If anything this message says something about the abysmal state of IPv6.
Ultimately the goal of IPv6 is to end IP scarcity. But it can only do this if close to 100% of users and services use IPv6. Seeing it like that it doesn't really matter much if IPv6 adoption is 30% or 60% or 90%. In none of these situations would an ISP connect its customers via IPv6 only or would anyone provide any service that requires IPv6.
I really wonder how IPv6 should ever become mainstream without any deployment strategy. "Let's tell everyone that IPv6 is nice and we need it due to lack of v4 addresses" obviously hasn't worked for more than 20 years.

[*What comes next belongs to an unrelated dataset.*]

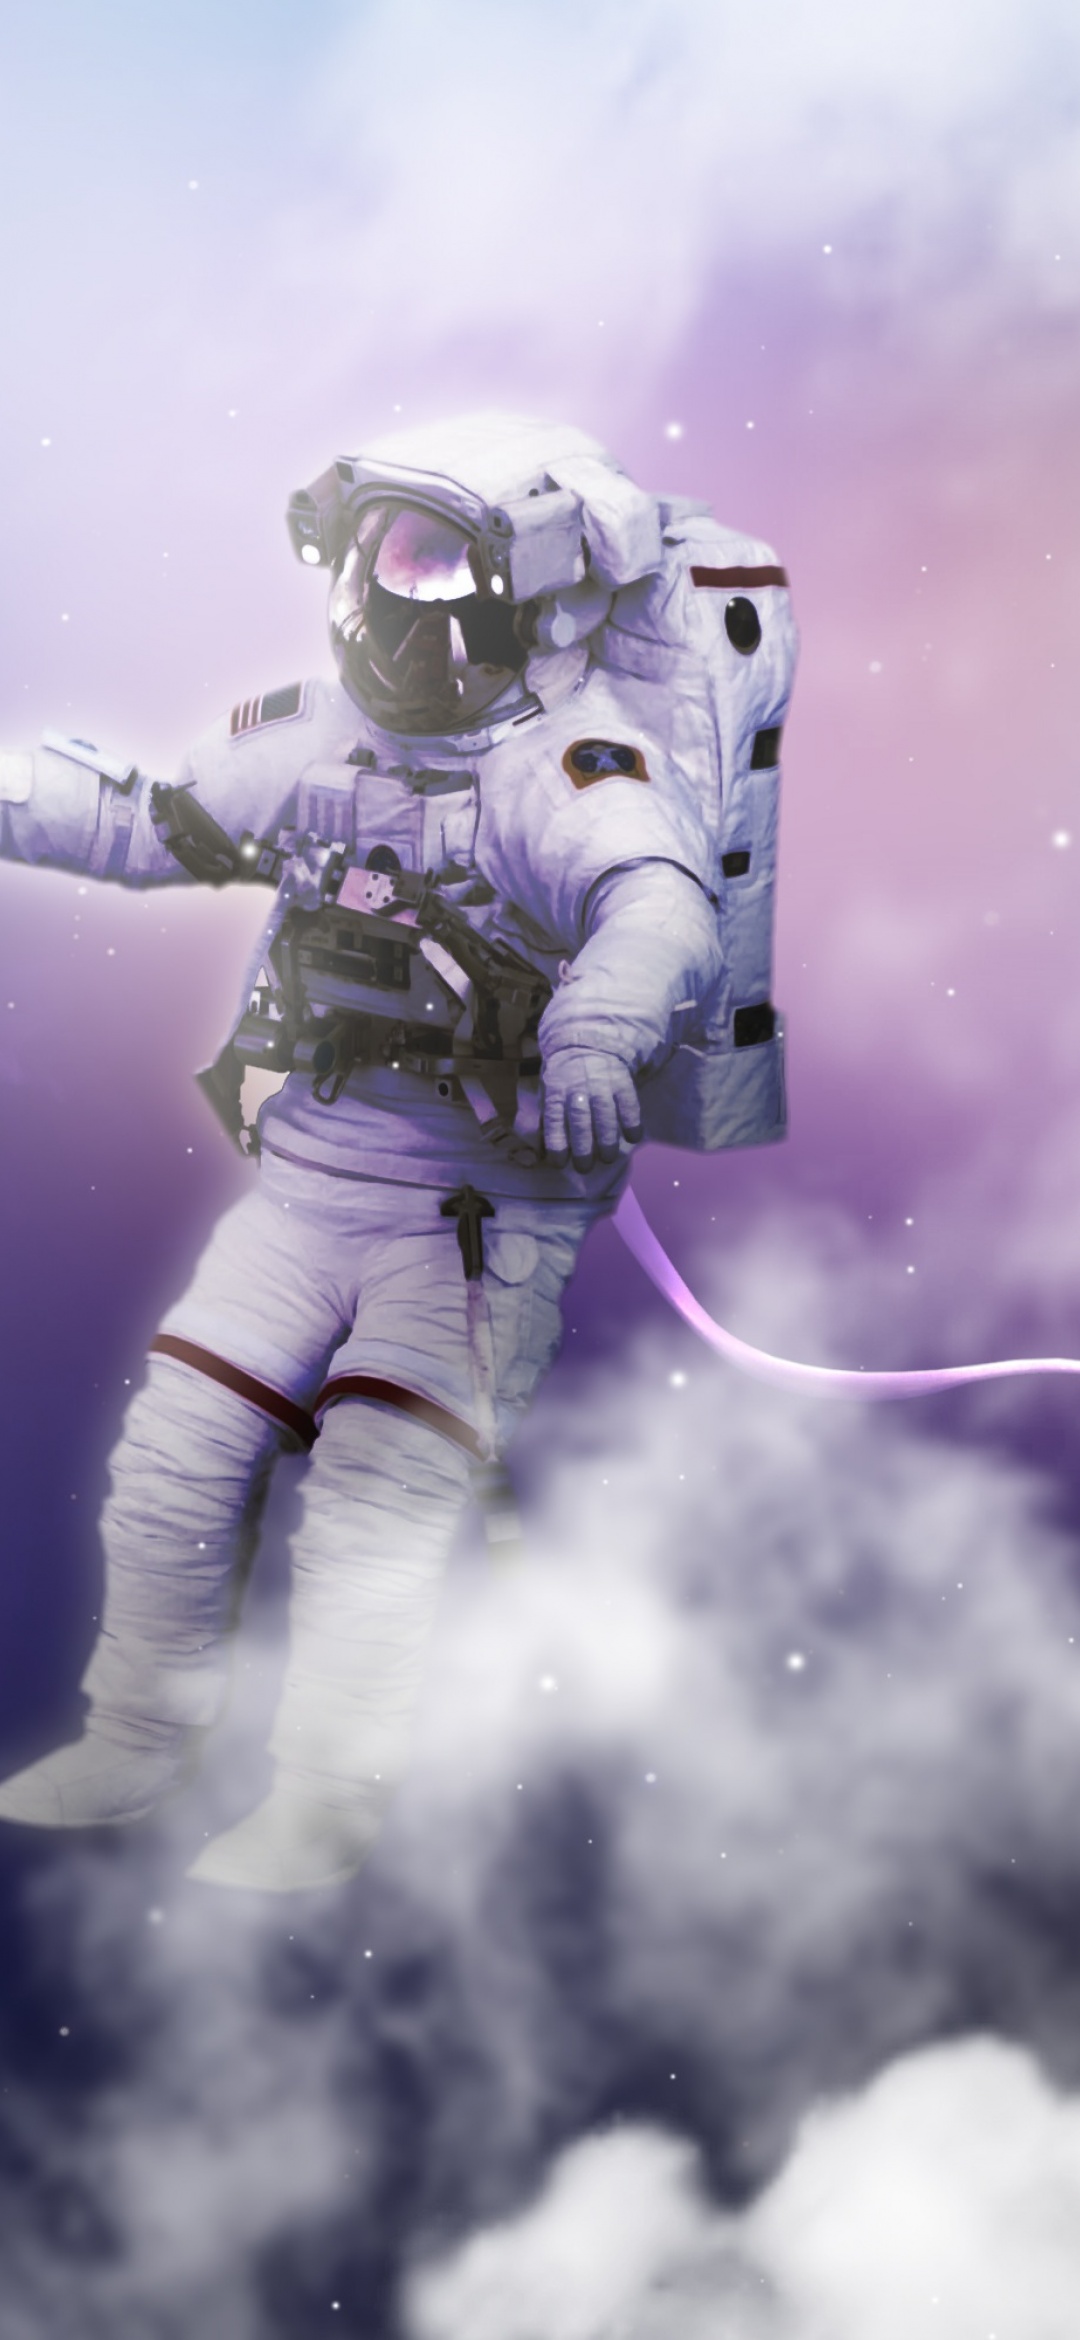 Space Astronaut On Rocket Ship IPhone Wallpaper  IPhone Wallpapers  iPhone  Wallpapers

Secondly, I don't get this mentality that IPv6 is some totally inferior thing and I really don't get people advising others to disable IPv6 just because they don't understand it.
Statements like "IPv4 does everything I need!" are, ultimately, totally missing the point. The fact is that we have hit the scale ceiling of the IPv4 address space and other cracks are showing and now the entire world needs something that will scale for the next few hundred billion devices.
IPv6 is the protocol that will lift the scale ceiling higher, not just for you and your needs, but for everyone. It won't really change anything performance-wise, nor will it change how higher-layer protocols like TCP and UDP work, but that's intentional.
You can hold out on principle if you like but it won't gain you anything. The world will just migrate around you eventually.